Introduction to Group Theory
Text: Basic Algebra I: Second Edition
Prof: Dr Vinayak Vatsal
Nike is a humorous professor who cares about his students. The homework he set was also useful in getting a mastery of the material in the course. Unfortunately, the textbook was made up of large, listless walls of text that prove half a dozen theses arbitrarily before deciding to declare that a theorem worthy of a name has been proven. Thus it cannot be readily used as a reference book and is difficult to read. The classes were significantly better, but from time to time also suffered from a lack of direction and interest. Group theory, on the other hand, is a fascinating field and the proofs often use a lot of creativity.
I found the material in this course difficult, but since it was an introductory class, I felt I had enough time to master the relevant concepts. Unfortunately, the relatively few iClickers were weighted 10% of the grade and the exams were not difficult but punished small mistakes a lot. Also, the final exam used a peculiar notation and seemed almost entirely about symmetric groups and had no questions about abstract group theory.

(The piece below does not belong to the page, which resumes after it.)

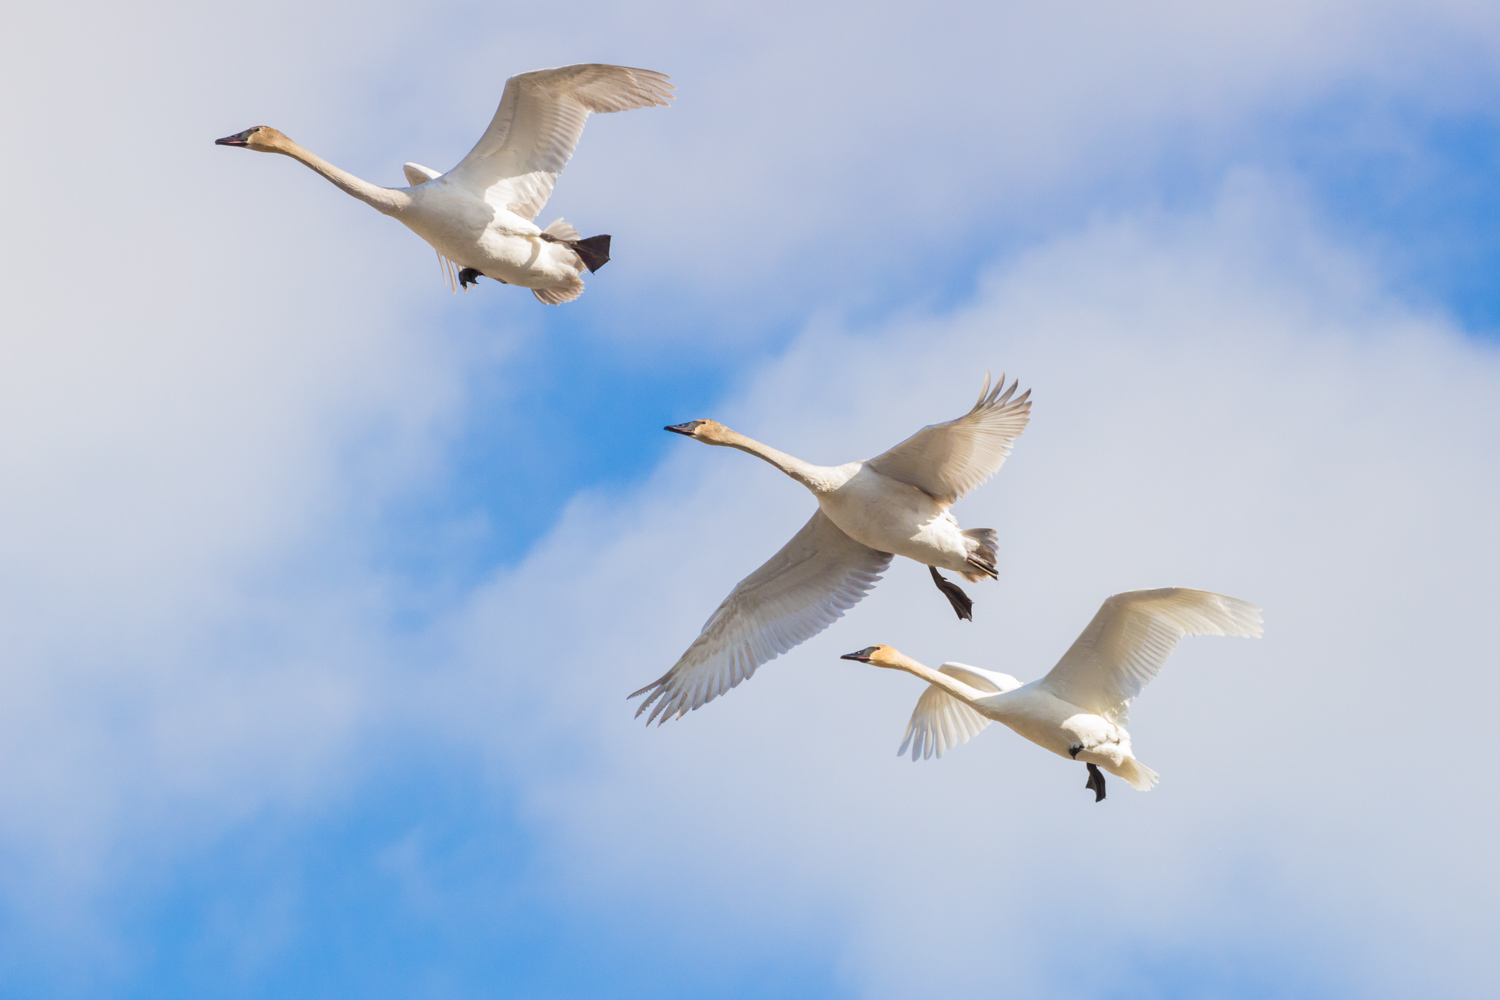  Three Swans Fly

As a result, the average was quite low in this course.
Action on groups
Finite Abelian groups
Free group and generators
Action on groups: Useful to get some practice with a couple of these actions before one can start seeing the action that occurs in problems
Proving isomorphisms/finding a bijection: Often one can use the obvious or ‘canonical’ map, other times you need to do some clever
Counting elements of a certain order in abelian groups: Can make careless mistakes, double check your answer!
An interesting topic, the homework problems were fun, wished the textbook and exams were structured differently.